3DPM: Can we fix it? Yes we can!

DrMrLordX · Jul 1, 2025

Epic necro. It hurts a little seeing @The_Stilt posting in a thread, along with @borandi . But time marches on.

Glad it's still available.

Maybe someday I'll revisit my janky Java version and attempt to emulate all six modes based on the pseudocode @borandi provided. That day is not today.

igor_kavinski · Jul 1, 2025

DrMrLordX said:
Maybe someday I'll revisit my janky Java version and attempt to emulate all six modes based on the pseudocode @borandi provided.

What makes you say that? Isn't that working C/C++ code that he provided?

DrMrLordX · Jul 1, 2025

igor_kavinski said:
What makes you say that? Isn't that working C/C++ code that he provided?

It's his benchmark. He never provided the full sourcecode that I can recall. All he did was provide pseudo-code.

igor_kavinski · Jul 1, 2025

DrMrLordX said:
It's his benchmark. He never provided the full sourcecode that I can recall. All he did was provide pseudo-code.

This very much looks like working code: https://forums.anandtech.com/threads/3dpm-can-we-fix-it-yes-we-can.2433693/post-38095680

I may try compiling it tomorrow if I can find the time.

DrMrLordX · Jul 1, 2025

Oh I forgot about that. Let us know how it works for you!

Schmide · Jul 1, 2025

If I knew then what I know now I could of expressed my thoughts better.

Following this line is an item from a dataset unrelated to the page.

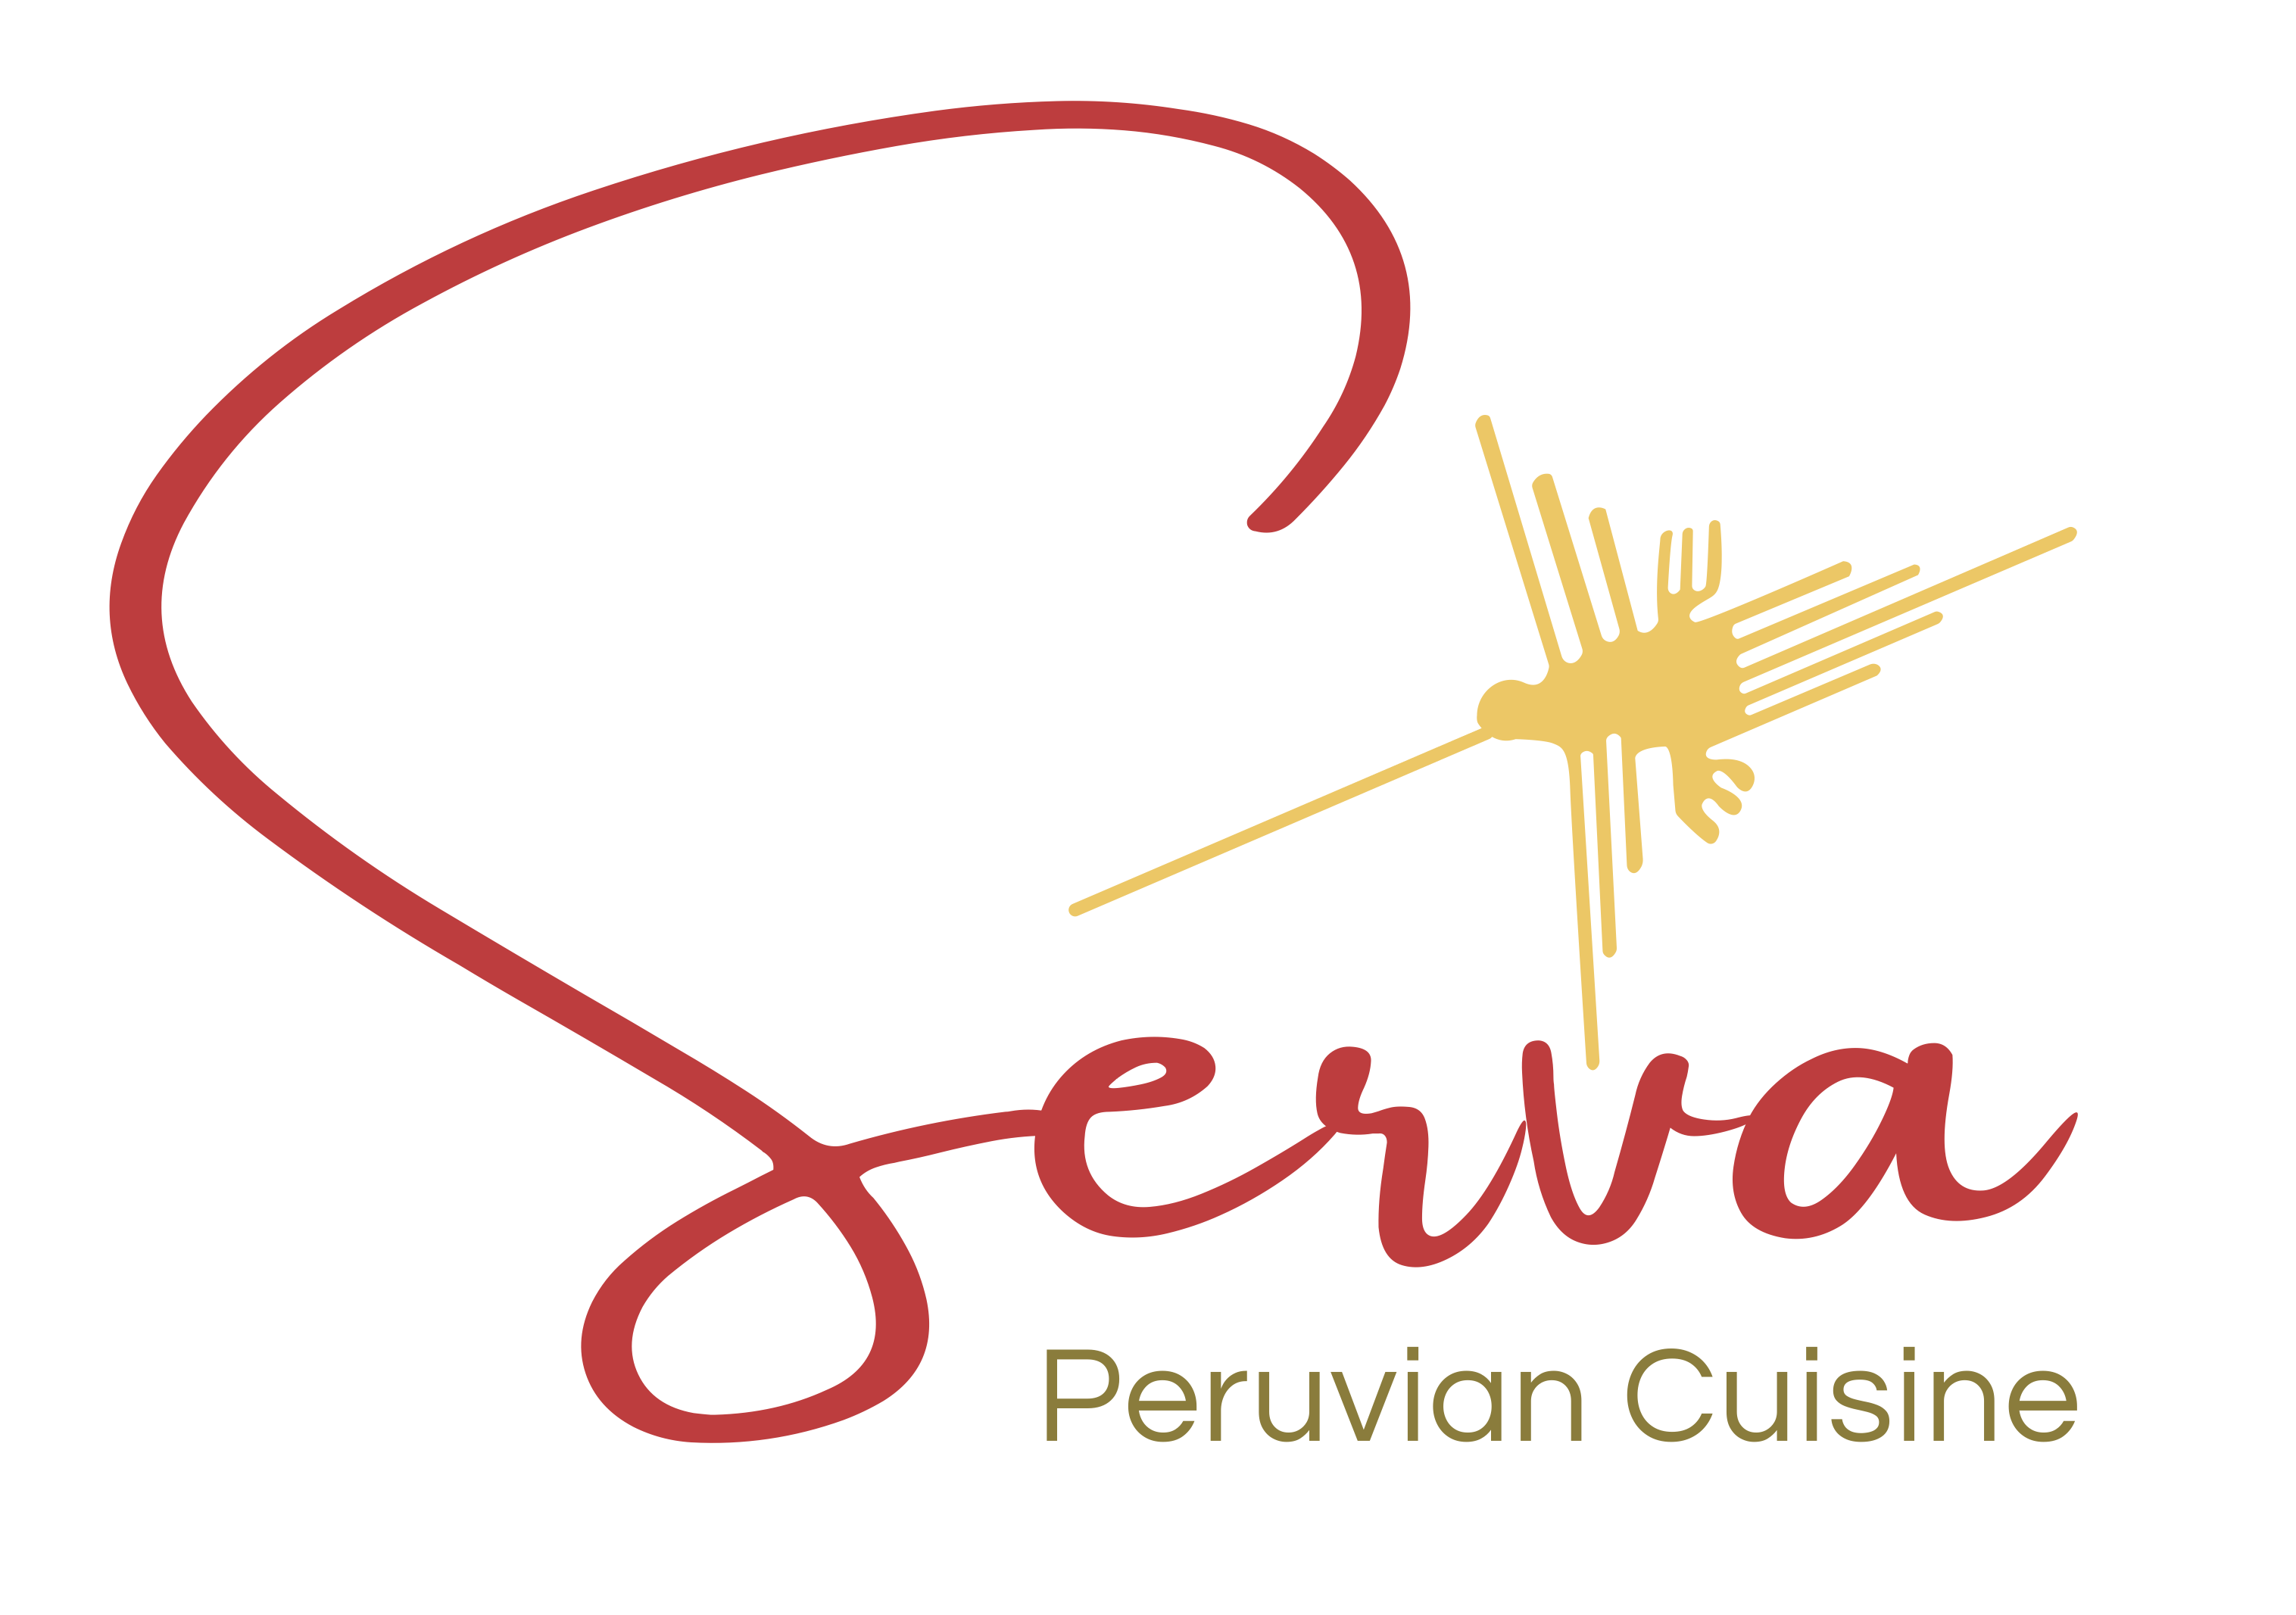 Serva Peruvian Cuisine

I still think that a half angle table and a quasi quaternion slurp would avoid a lot of expensive trigonometry calculations.

igor_kavinski · Jul 4, 2025

It compiled but not without some "head scratching" thanks to being a Visual Studio project.

Gonna try to test it on my Tiger Lake laptop when I get the time to see if the AVX512 optimization helps or not. There are no explicit AVX512 instructions in the code unfortunately.

DrMrLordX · Jul 4, 2025

igor_kavinski said:
View attachment 126654

It compiled but not without some "head scratching" thanks to being a Visual Studio project.

Gonna try to test it on my Tiger Lake laptop when I get the time to see if the AVX512 optimization helps or not. There are no explicit AVX512 instructions in the code unfortunately.

From what I understand, Dr. Cutress got a third party to help him with the final builds of 3DPMv2 that he used in some of his later benchmark articles for AT. It did utilize AVX2 and AVX512, and apparently it didn't rely just on autovectorization via OpenMP.

igor_kavinski · Jul 5, 2025

Pretty awful. Looked in the IDE project options and enabled OpenMP.

No ISA extensions

SSE

SSE2

AVX

AVX2

AVX-512 256-bit vector length

AVX-512 512-bit vector length

Highest score came from the AVX executable.

Now I need to figure out how to compile this as a 64-bit executable. I hate Visual Studio.

Looks like Dr. Ian got a pretty seriously heavy uplift from the manual optimization.

Schmide · Jul 5, 2025

Ok since this is back in my head I will expand on why my algorithm was designed as such.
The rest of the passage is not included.